As Poppy mentioned earlier, I tunnel boned the fish. Without wishing to state the obvious your fish needs to be fully intact to do this so make sure your fishmonger doesn’t gut or scale the fish for you. So snip the fins and with your sharpest filleting knife run the blade along the spine and follow the bones down to the bottom taking care not to cut through the belly skin. Cut through the bone as close to the head and tailfin as possible and remove. Carefully remove the stomach contents and wash the fish thoroughly. Check the flesh for any odd bones. Pat dry and fill with the cooled filling mixture. I ran a few stitches along the back to seal the stuffing in but remember to remove the thread once you’ve freed the fish from its salt oven.

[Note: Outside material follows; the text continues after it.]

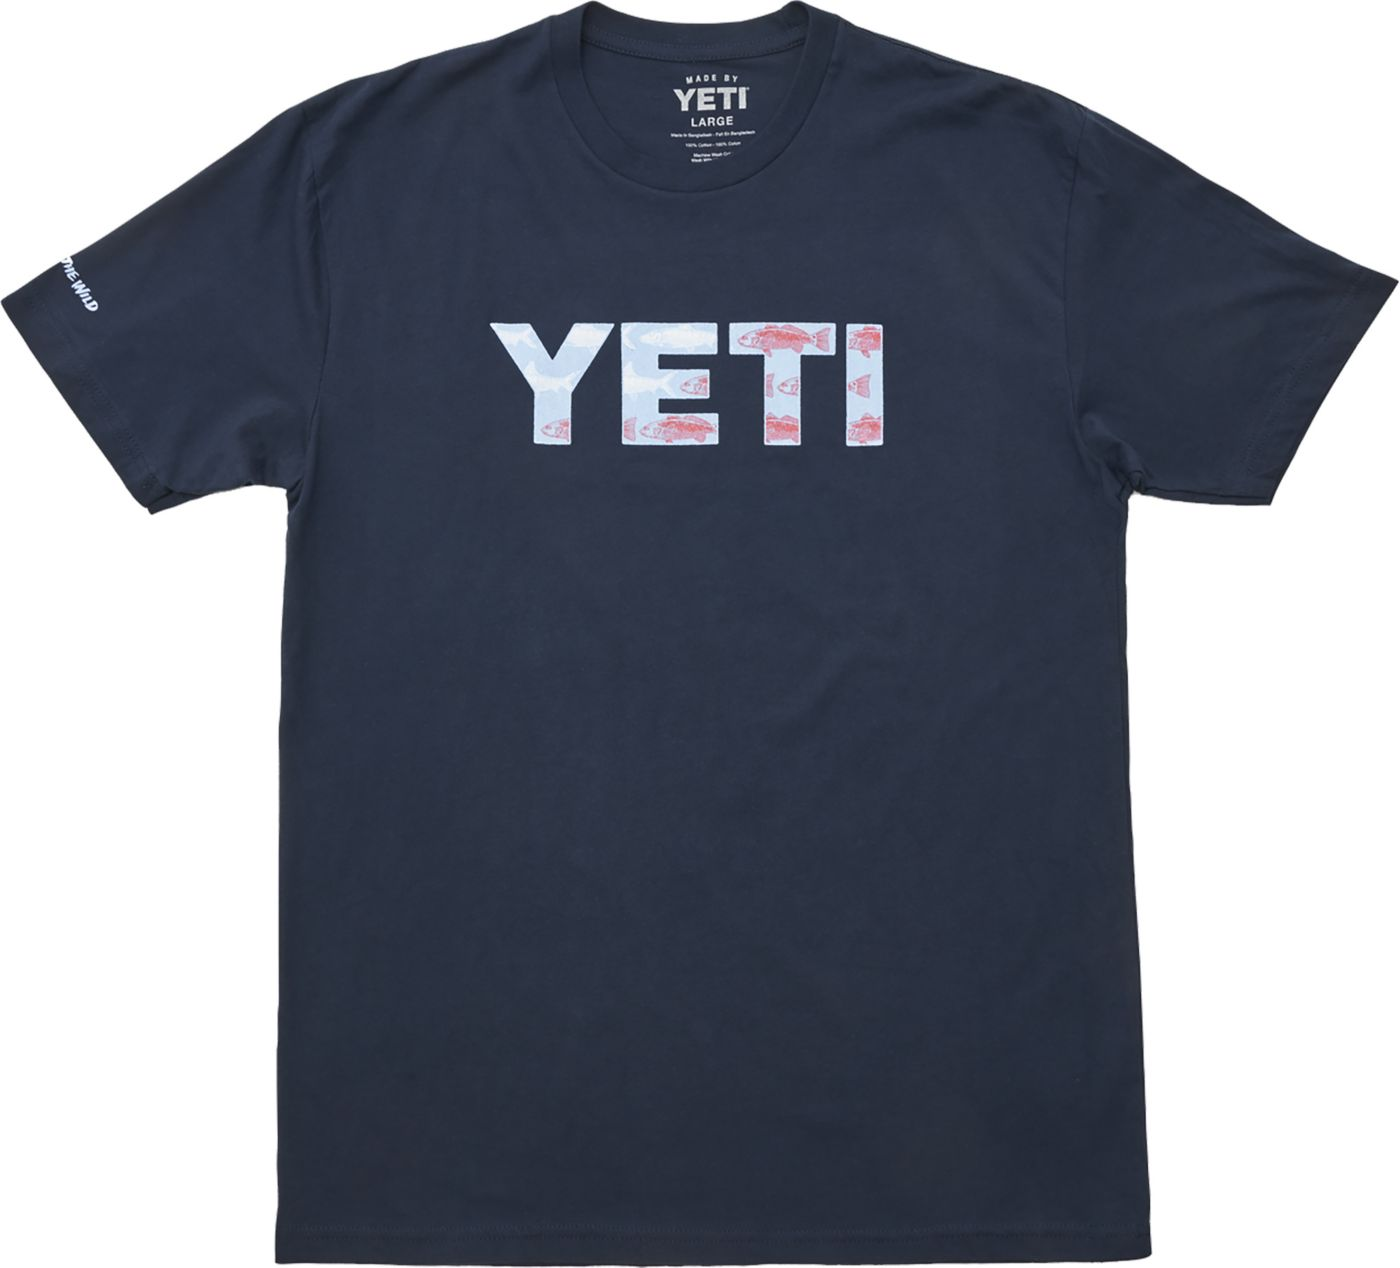 YETI Men's USA T-Shirt

So – the salt crust……… I whisked 4 egg whites into soft peaks and added a mix of rock salt and fine salt. I also added some picked thyme. Now depending on the size of the beast you’re about to dress in its Sodium Chloride cloak you may have to tweak the quantities a little (and to be honest I’d underestimated just how much was needed for our bad boy!) But in essence you’re looking for a thick moist paste. Lay out a base of the salty mix, I then placed a few bay leaves on it followed by the Sea Bass. Cover with the remainder of the salt and pat the surface so it seals the fish. Some will say leave the head and tail exposed some say completely entomb. I went a little cheffy at Poppy’s behest and created scales with a spoon on the eggy saline overcoat.
It’s popped into oven on 190 degrees, Gas Mark 5 for 35 mins. One of the nice things about this method is that, when done, it will sit nicely on the top retaining it’s heat and moisture while you prepare yourselves for the grand undressing. When ready simply crack the salt crust and remove in large chunks, peel back the now leathery skin of the fish and tuck in to beautiful flesh.